O CASULO
Fechei-me dentro de mim e deixei que uma hecatombe de recordações me soterrasse. Fiquei surpreendida de não ter visto uma única recordação boa. Que teria acontecido? Nesta altura o mal que me faziam era mais significativo. É normal que tivesse ficado em destaque na minha memória para sempre. Remexi nas cinzas do passado e acabei por encontrar algumas coisas boas. Devem ter sido estas coisas boas que evitaram o meu naufrágio.
Lembro-me perfeitamente que sempre tive memória de elefante e ainda hoje recordo as coisas antigas como se estivesse assistindo a um filme na pantalha da vida, com uma nitidez impressionante. Já as mais recentes, esqueço com facilidade.
De qualquer modo, o facto de estar viva é uma coisa boa, a vida é uma benção. Que me importa agora o que me fizeram no passado? Quando eu era criança, cometiam-se atrocidades, estou a falar de crimes que eram praticados como se fossem coisas normais. Ainda bem que esses crimes, hoje têm nome e são punidos pela lei para salvaguarda de crianças inocentes. As crianças são todas inocentes, são crianças.
Fui obrigada a crescer num mundo só meu que eu mesma construí, circundado por muros de betão armado. Não queria deixar entrar o mal, ilusão de garota inocente e ingénua, esse mal que me acorrentou a uma mentira vil e infame e só me largou, já na idade adulta, no dia que tive coragem de derrubar os meus medos e as minhas fragilidades e rebentar as correntes enfrentando os meus agressores.
Vivi durante longo tempo acompanhada pela raiva, pela revolta e pela busca incessante de mim própria. Esta era uma batalha secreta que eu travava comigo dentro de mim. Queria saber quem era, donde tinha vindo, para onde ia e porque tinha vindo. Eu não me identificava com nada, o que fazia parte do meu círculo era tudo demasiado comezinho. Sentia-me um alienígena largado numa selva, num habitat completamente hostil. Contudo, eu sabia que iria curar todas as minhas mazelas. Eu sarei as minhas feridas e hoje podem chover picaretas, porque não me derrubam nem metem medo.
Perdoei os meus abusadores, abusadores são todos aqueles que maltratam, infringem e desrespeitam os direitos de outrem. Reconciliei-me com o meu passado, a raiva deu lugar ao amor e a revolta ao apaziguamento.
Aprendi a amar toda a gente incluindo os que me fizeram mal, embora não consiga sentir proximidade, como se existisse um fosso de permeio mas o amor e o carinho que ponho em tudo é genuíno em mim.
Estou grata á vida e a Deus que me deu força e coragem para me reconstruír, colocando ao meu dispor sólidos materiais que pacientemente ia adquirindo e proporcionando-me as ferramentas adequadas, ganhas nos vários desafios.

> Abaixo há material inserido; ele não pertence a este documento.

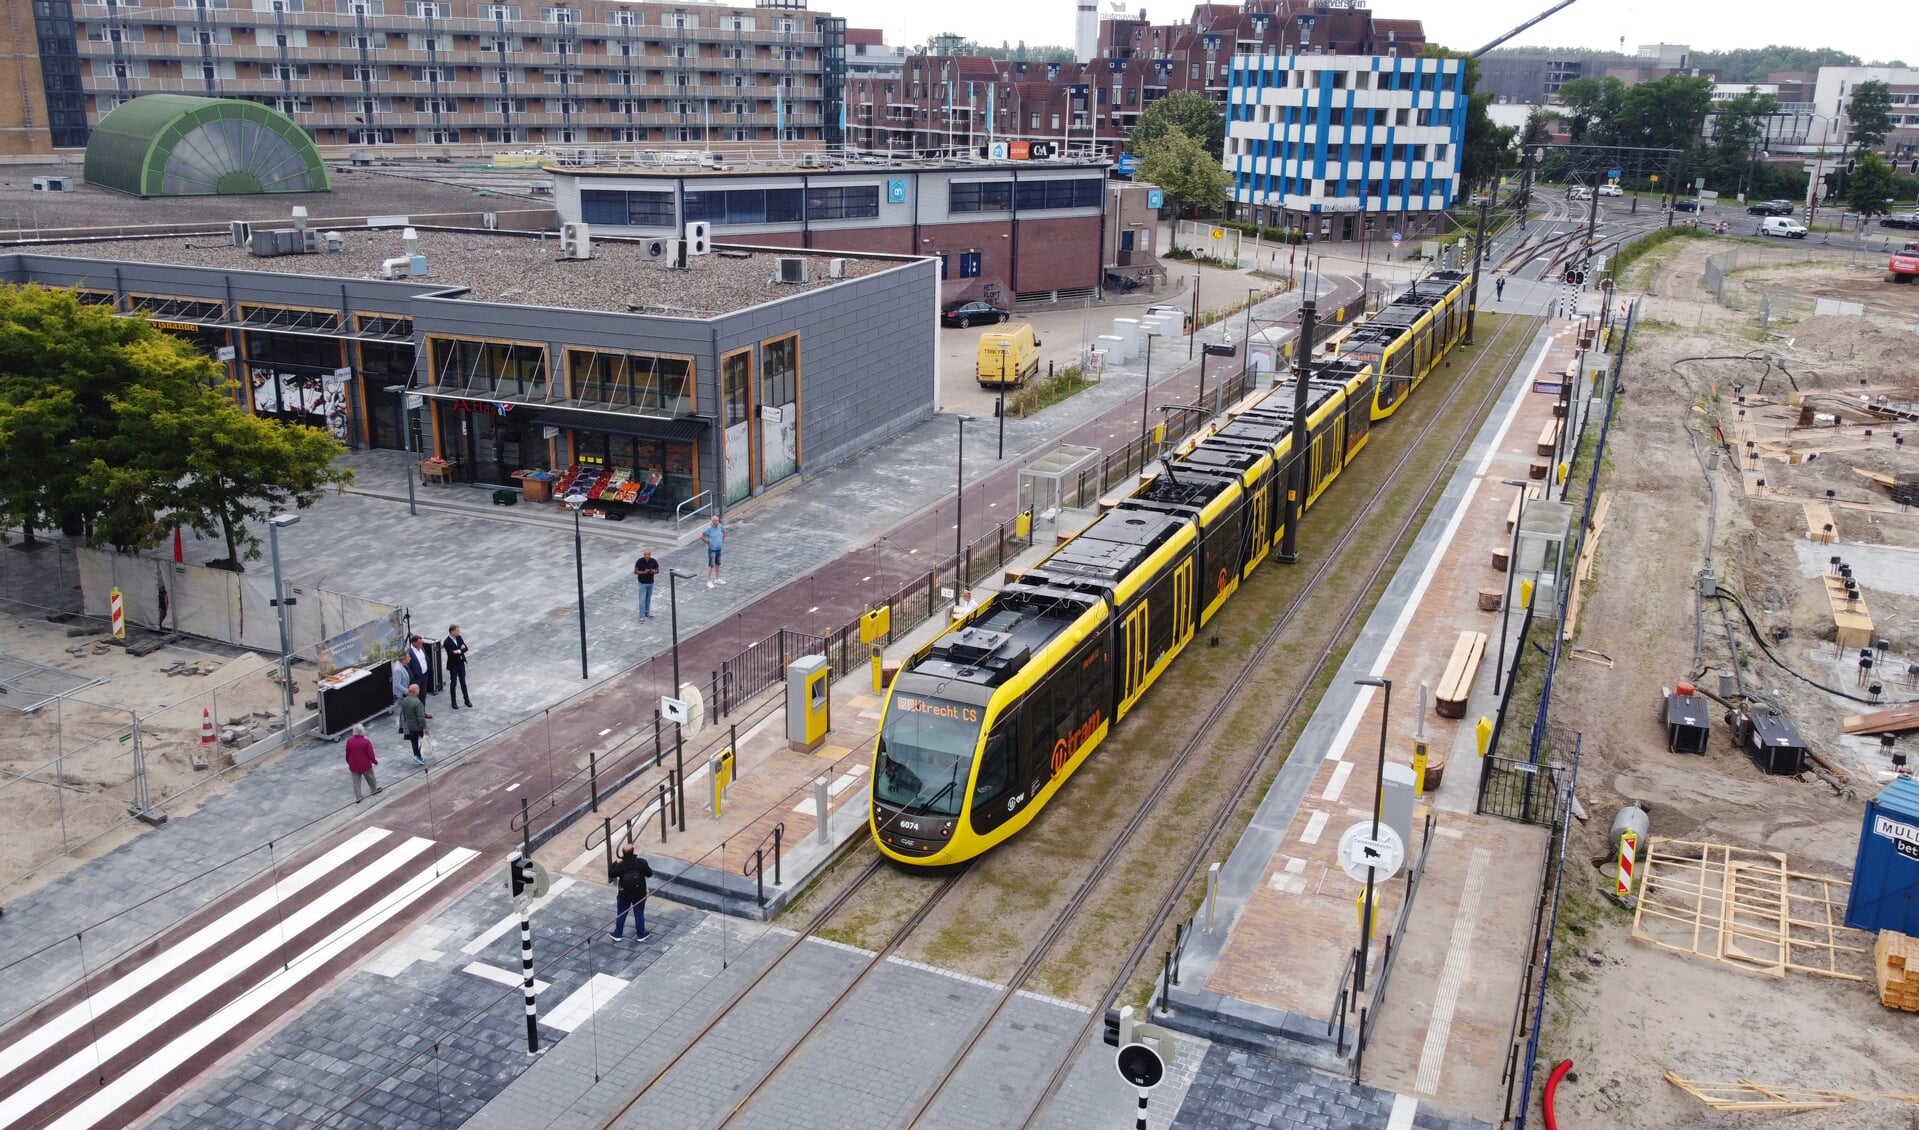 Opening van de nieuwe tramhalte in het centrum van Nieuwegein.

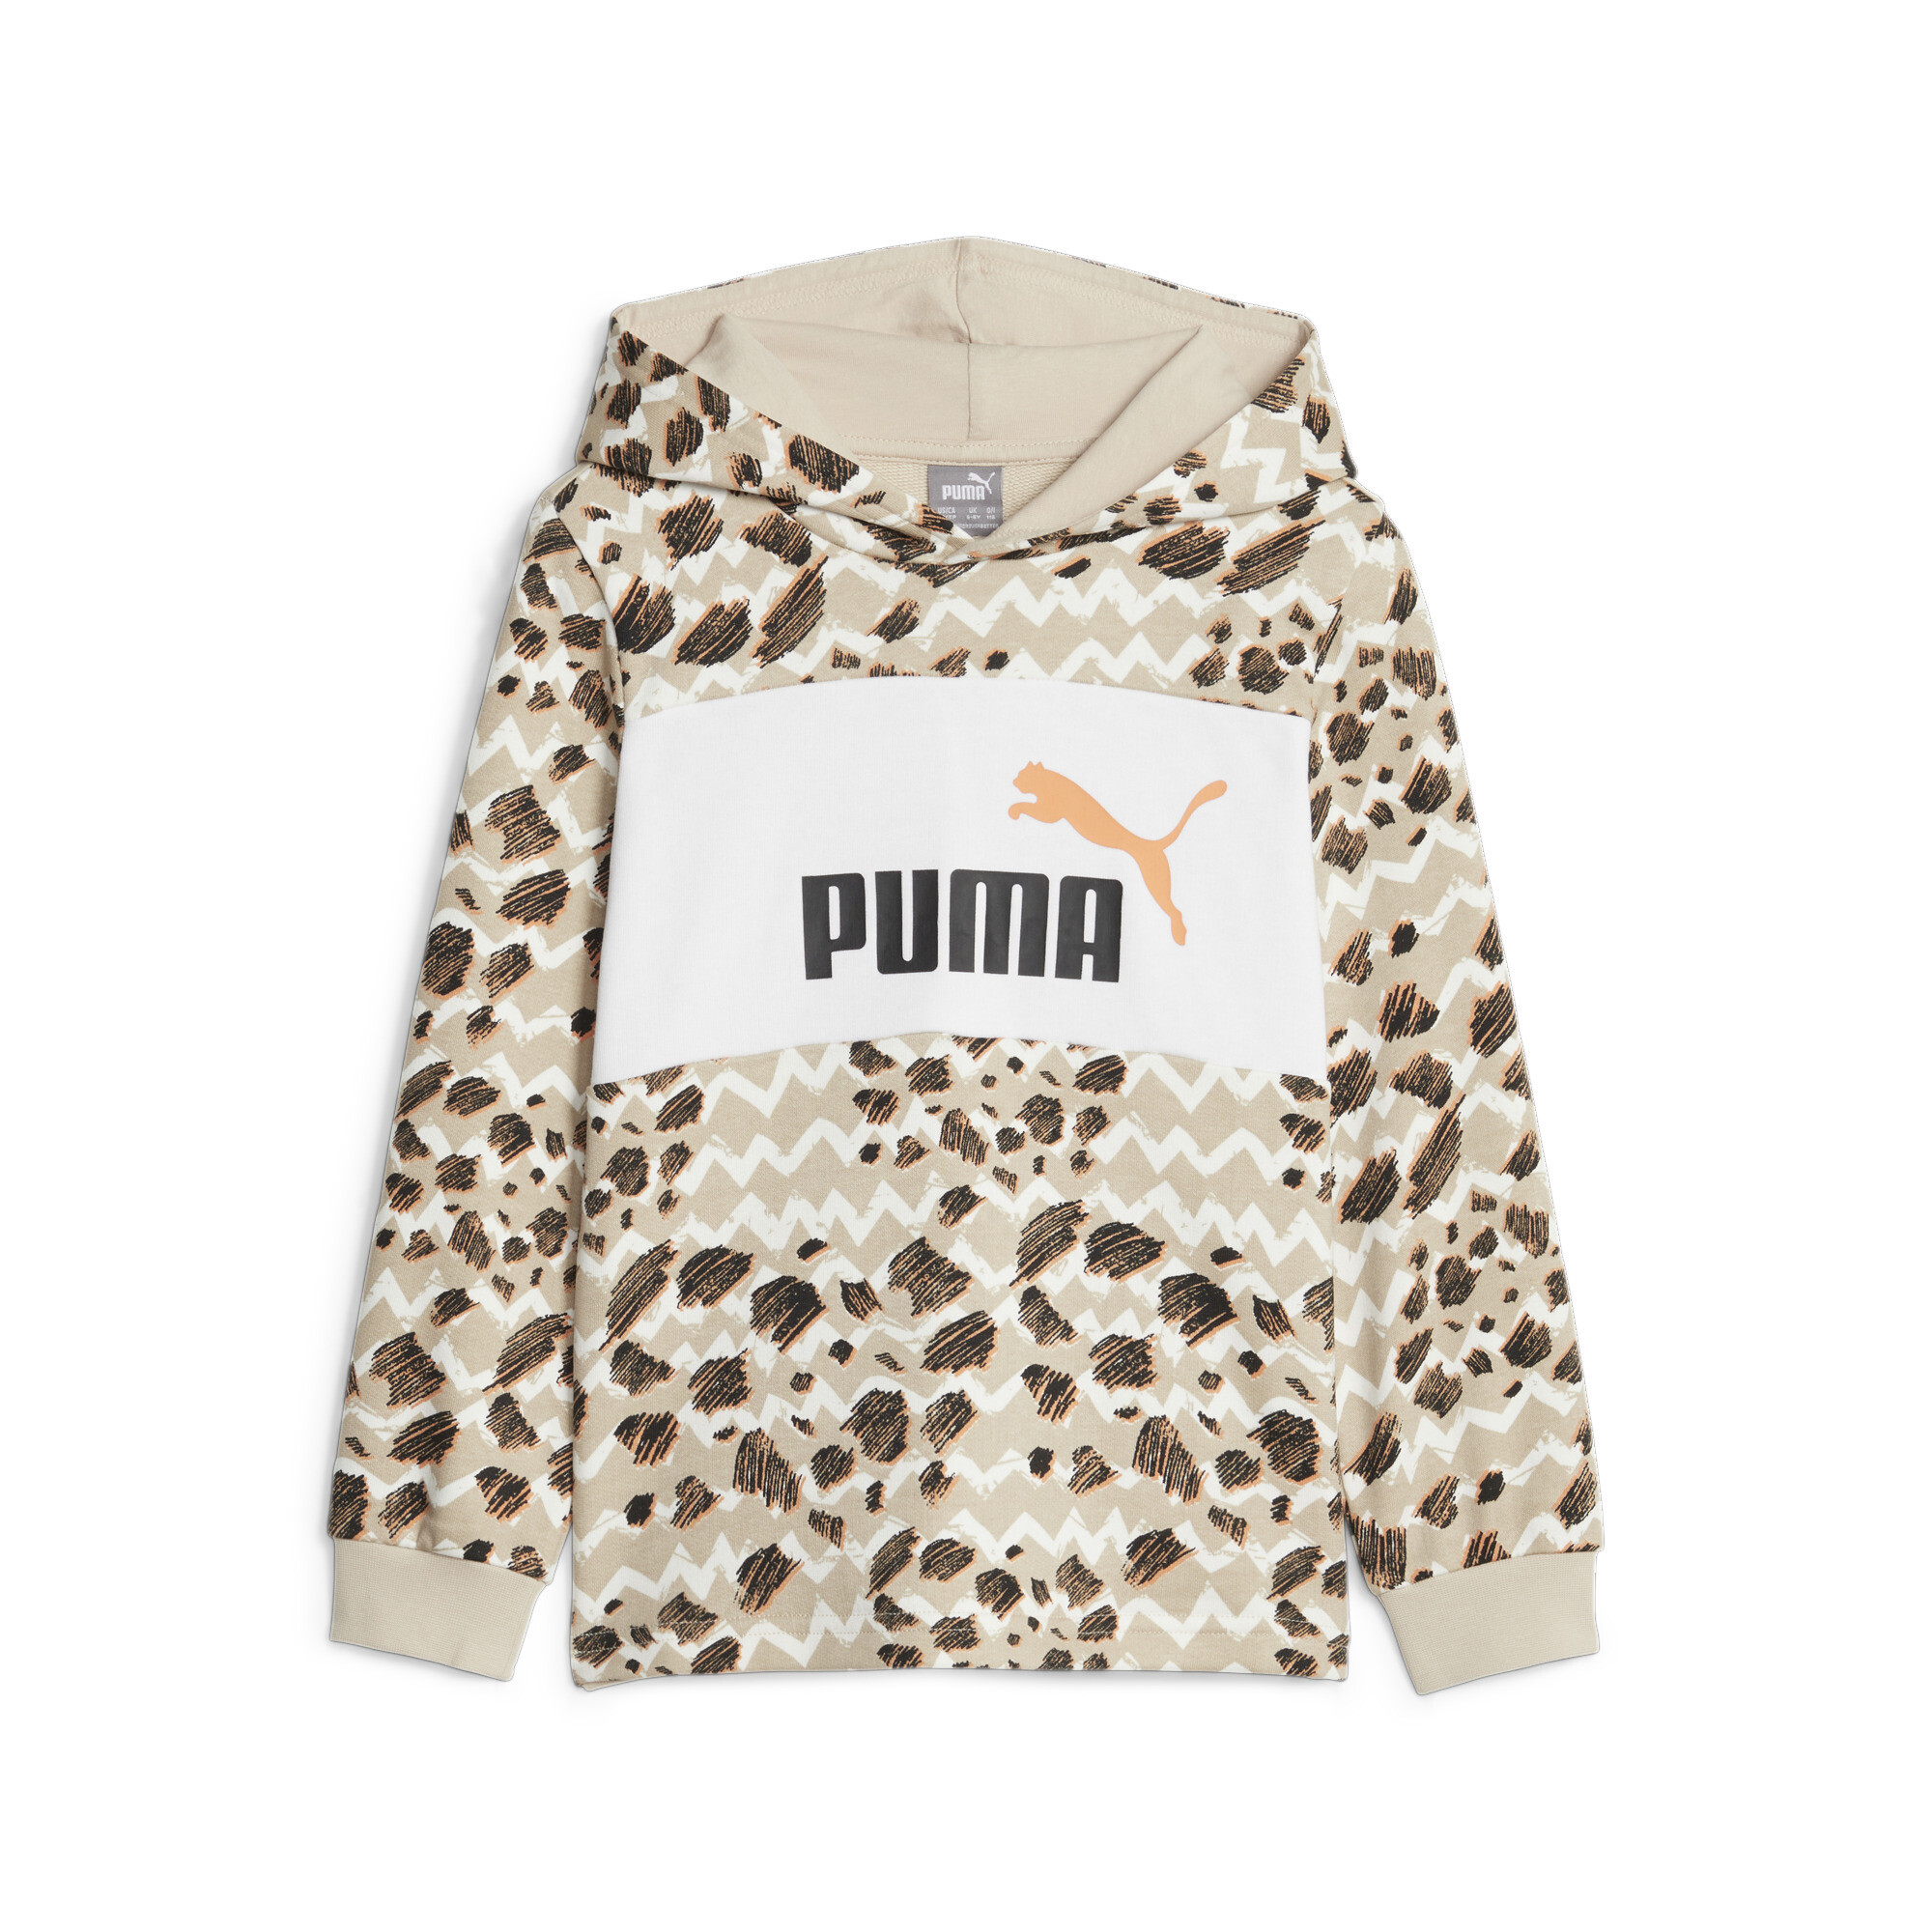 Puma Essentials Mix Match Kids' Hoodie, Beige, Size 4-5Y, Clothing

Jamais farei aos outros o que me fizeram a mim. Evoluí, criando uma mente aberta e uma postura dinâmica e generosa, mas também me tornei mais cautelosa, como se estivesse sempre na defensiva, esperando um ataque a qualquer momento.
Nunca se deixem contaminar pelo mal. Embora muitas vezes pareça ser o caminho mais fácil, não compensa, corrói. Lutem e não deixem que vos tornem pessoas amargas. Um dia o casulo romper-se-á e sairá uma linda borboleta. Sabem qual o meu doce preferido? Arroz doce! Um doce simples e bem docinho, tal como eu!
O que não nos acrescenta, não nos faz falta, é como se não existisse. Não deixem que vos tirem a paz e roubem a vossa idiossincrasia. Mantenham-se firmes, o dia do juízo final chegará!